Siguiendo la serie de artículos dedicados a esta época, dejemos que nos cuente Sinesio como era el Badajoz de finales del siglo XIX. La calidad de las fotos no es buena, al no haber conseguido escanearlas directamente del original, pero creo pueden ayudar a visualizar el texto:
"Formidable aspecto presenta la ciudad de Badajoz, rodeada de imponentes fortificaciones, vista desde la verde y extensa llanura, regada por el caudaloso Guadiana, donde se levanta el montículo que la sirve de asiento.
A pesar de lo cual cuéstale a uno trabajo intimidarse con todo aquel aparato guerrero que no encuadra bajo aquel cielo azul purísimo y brillante, en aquella atmósfera despejada y tibia, sobre aquella alegre pradera inacabable.

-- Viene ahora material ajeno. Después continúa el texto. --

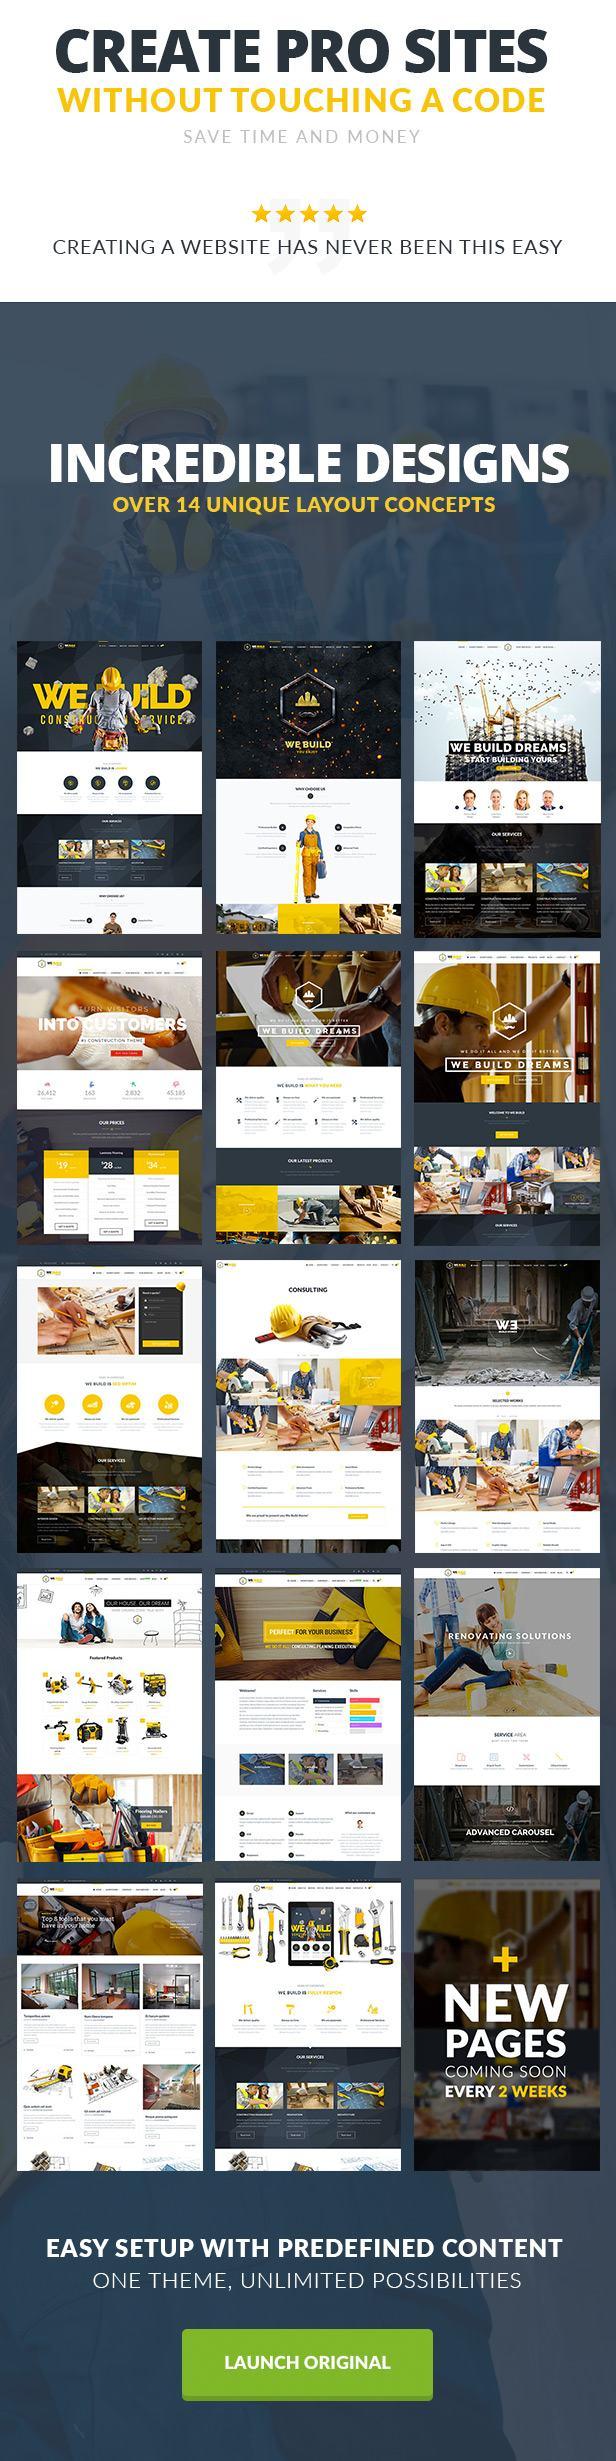 We Build - Construction WordPress Theme - 2

Compréndese que el aspecto militar se conserva por puro compromiso, sin ánimo de pelea, por el bien parecer de una plaza fronteriza, y para que no lo tomen a desprecio nuestros vecinos los portugueses, de cuyo carácter apacible y dulce no son de esperar ataques vigorosos.
Una vez en la estación, a la cual afluyen varios coches de un tranvía que no creo que tenga otro objeto, porque el casco de la población es excesivamente reducido, puede optarse por uno de estos vehículos ó alguno de los coches de hoteles.

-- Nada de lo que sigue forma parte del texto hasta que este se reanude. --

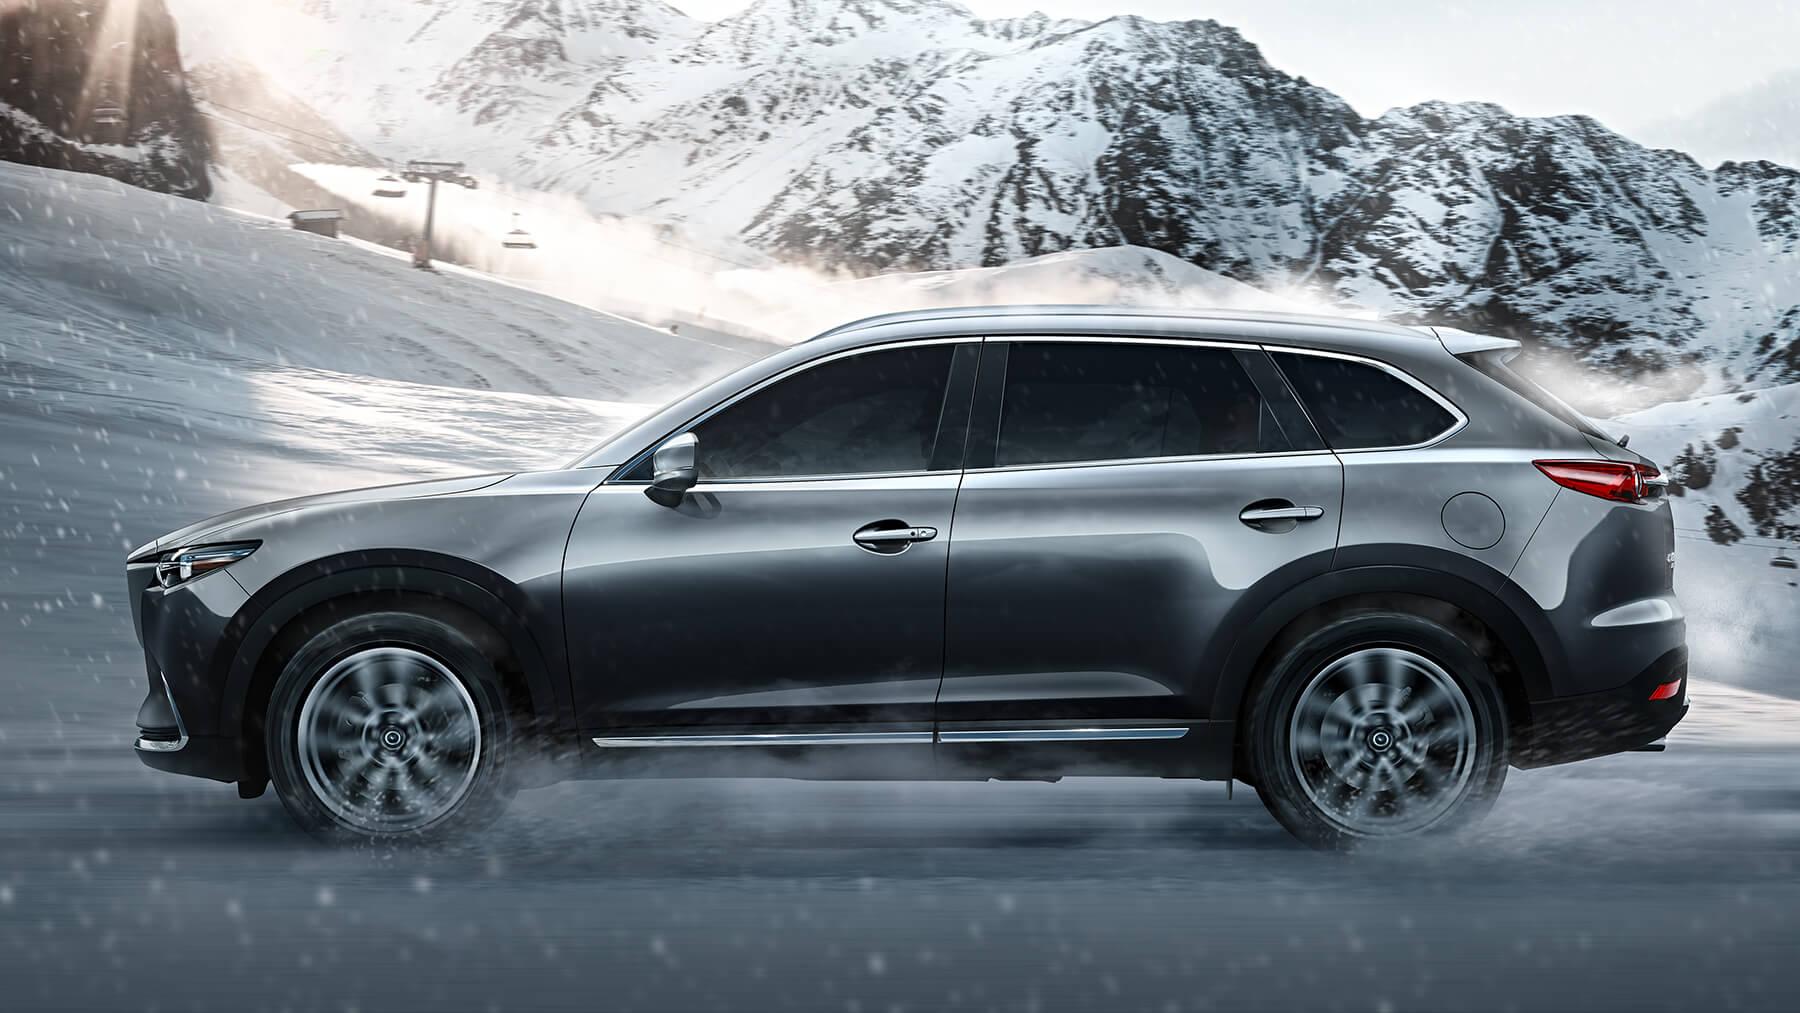 2016-cx9-machine-grey-driving-snow-mde-cx9-gallery

Se entra en la capital por un magnífico puente sobre el Guadiana, puente defendido en sus dos extremos por hermosas puertas con torreones, garitas y terraplenes, para que desde luego pueda el viajero formarse idea del carácter de la población en que va a albergarse. A la izquierda de este puente, en la parte que da al río, la muralla es sencilla; pero en la que mira a la campiña del Oeste, y por consiguiente a Portugal, está formada por tres órdenes de defensas que imposibilitarían, ó poco menos, el asalto. Muros, garitas, fosos, contrafosos, aspilleras, reductos, perfectamente dispuestos y acondicionados, demuestran que la frontera está bien guardada en Badajoz... Actualmente y por fortuna crece en los fosos y en los glacis fresca y abundante hierba y pacen tranquilamente rebaños de ovejas en los puntos estratégicos.
¡Así sea por muchos años!
No hay que decir que la vida de la ciudad es militar esencialmente. La parte más importante del caserío la constituyen los cuarteles, dependencias de administración, parques, etc., y entre los transeúntes predominan los soldados de todas las graduaciones y de todas las armas.
La población es alegre, perfumada, vistosa... Las casas, blancas como la nieve, deslumbran de día, y contribuyen a aumentar la claridad de la luz eléctrica por la noche; en casi todos los balcones hay enormes tiestos cuajados de rosas y claveles; claveles y rosas que forman el principal adorno en el tocado femenino.
Forman el eje ó centro el campo de San Juan ó plaza de la Constitución y la calle de San Juan. Es el primero una especie de glorieta a que afluyen las vías principales, y en la cual está la catedral gótica, y es la segunda un callejón estrecho, embaldosado, en que los desocupados se pasan la tranquila existencia viendo desfilar al mujerío.
Del paseo de San Juan, enfrente de la calle del mismo nombre, parte la de Moreno Nieto, una de las principales de Badajoz, que tiene buenos edificios, entre ellos el Casino (un Casino muy elegante) y el palacio episcopal, y va a terminar en la plaza de Minayo, formada por un cuartel (¡y cómo no!), el seminario, el hospicio y hospital provincial y el teatro de Ayala, muy bonito, bien acondicionado y de construcción reciente.
En el centro de esta plaza se levanta la estatua en bronce de Moreno Nieto, que con Ayala, Hernán Cortés y Pizarro, forma la plana mayor de extremeños ilustres.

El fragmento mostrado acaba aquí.